# The Neverwas Haul



## Paulus (May 31, 2008)

Is it a train? A trolley? A boat? A house? 
No, it is the Neverwas Haul!


----------



## vsmith (Jan 2, 2008)

Ahhh Burning Man, the last stand of the eccentric artists who know that art can also be fun. When I first saw this I thought Victorian Howl's Moving Castle, one of these years someone will show up with a full size walking replica of the Castle.


----------



## Dave Meashey (Jan 2, 2008)

Those of us who are old enough to remember the Howdy Doody show may also remember that Howdy traveled in a similarly confusing contraption. It combined the elements of a steam locomotive, an ocean liner, an airliner, and possibly other means of transportation. It has been over 50 years since I saw the thing, but I do remember that the front looked like a steam locomotive, the rear looked like the stern of an ocean liner, and there were wings - and possibly prop engines at about the middle of the contraption.

Fun stuff, David Meashey


----------



## Homo Habilis (Jul 29, 2011)

Could it be the Air-O-Doodle. There's also this model of http://www.google.com/imgres?...p;dur=1164 that's probably worth a dollar or two!

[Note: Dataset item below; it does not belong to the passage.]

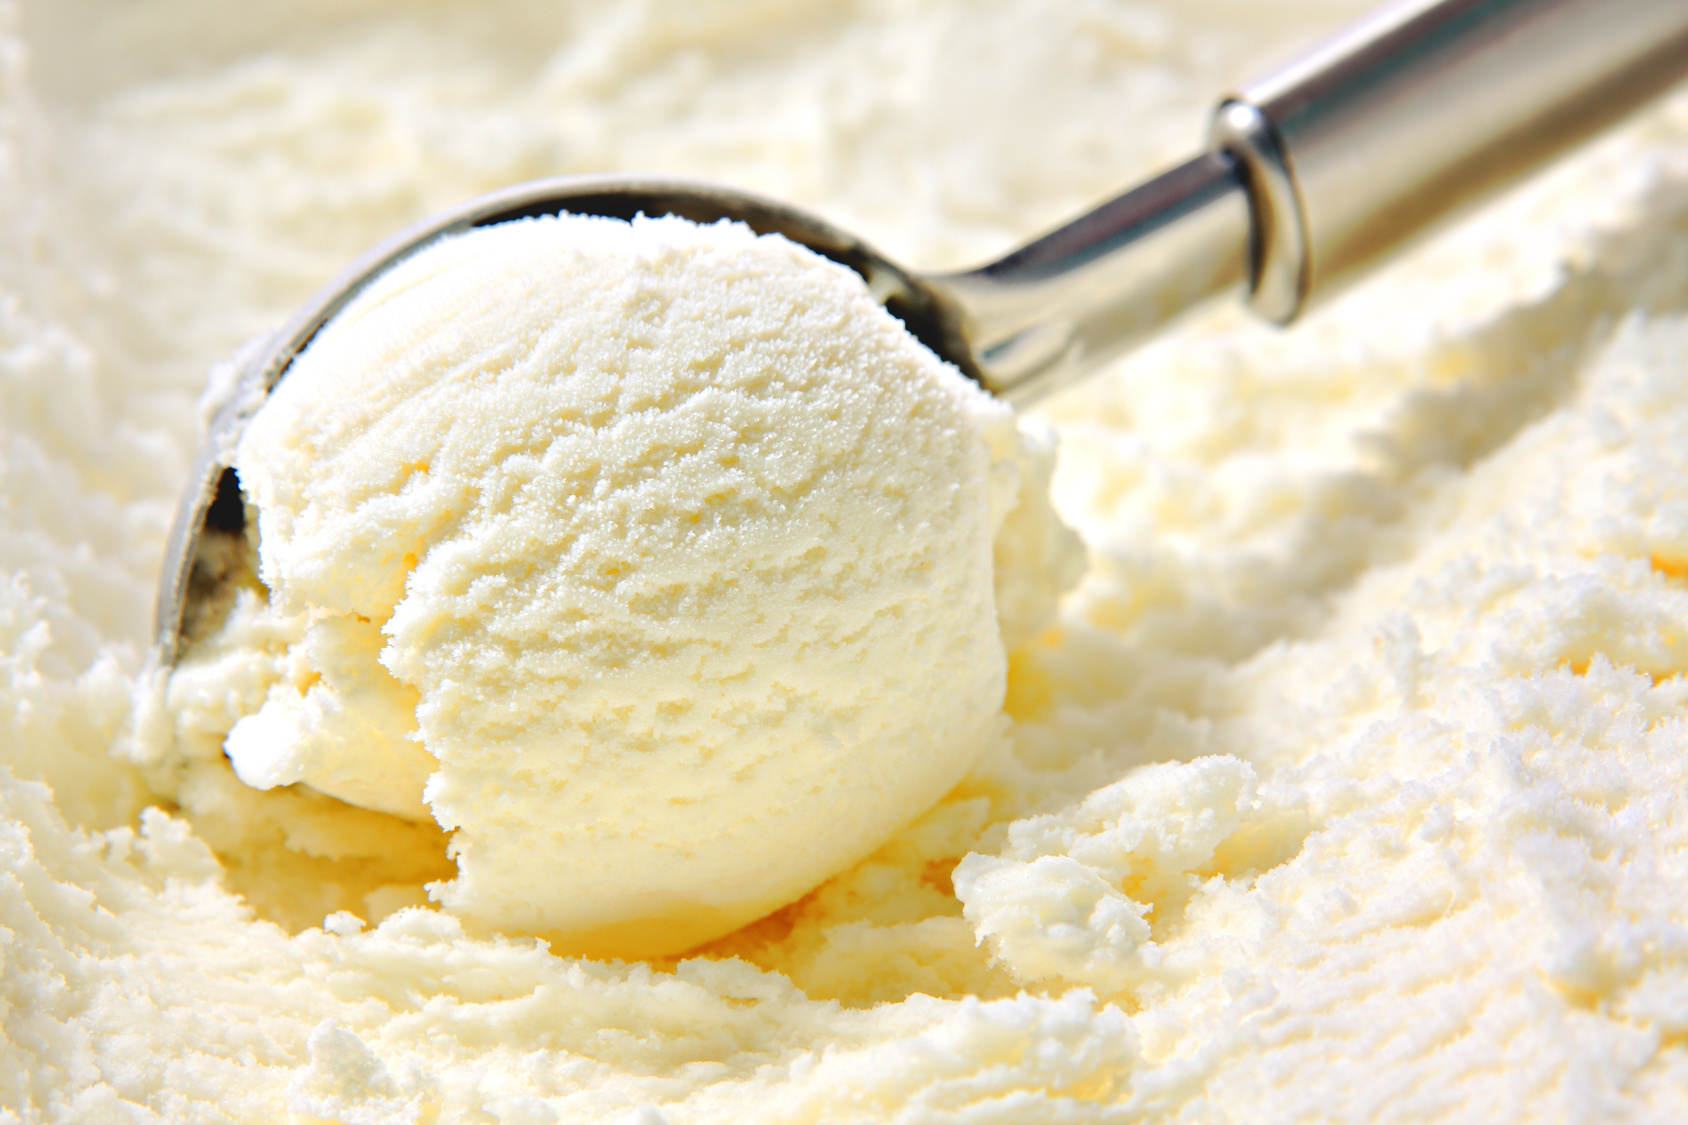 Profitable Ice Cream Shop In DFW for Sale

Man this makes me feel old!


----------



## BigRedOne (Dec 13, 2012)

"License and registration, please!"


----------



## Totalwrecker (Feb 26, 2009)

Is that Cowboy Bob and Clairabelle 
on the side of the Haul? 

I don't know nuttin and I duz it well.


----------



## Dave Meashey (Jan 2, 2008)

Thanks Mr. Habilis;

That is exactly the conveyance I remember.

Your Neanderthal fellow hobbiest, David Meashey


----------



## vsmith (Jan 2, 2008)

The Air-o-doodle?, wow... H-D's a bit before my time, I grew up on Thunderbirds and the Banana Splits. Here is a better pic, BTW this little piece of plastic was sold at auction 

...for $450.

PS If anyone didnt know what I was referring to above, this is Howl's Moving Castle from the Miyazaki movie;










Its a great movie BTW


----------



## Semper Vaporo (Jan 2, 2008)

Las Vegas, NV has a motto that "What happens in Vegas, stays in Vegas", (and someone here on MLS extrapolated that to apply to Diamondhead, MS the other day), but I seriously sometimes think that it should apply to nightmares, too.


----------



## djacobsen (Jul 20, 2011)

Love them Steam Punker's....
Some may say they're lost in their Victorian fantasies,
but they're being creative and doing more than just
hanging out on F.B. & Twitless....


----------



## Amber (Jul 29, 2011)

I've been contemplating making a steampunk version of a standard 1890s steam engine, like I don't already have enough other projects that aren't getting done...


----------



## toddalin (Jan 4, 2008)

Looks like an interpretation of the Hut of Baba Yaga.


----------



## toddalin (Jan 4, 2008)

Complete with music:

http://www.youtube.com/watch?v=XZaP...detailpage


----------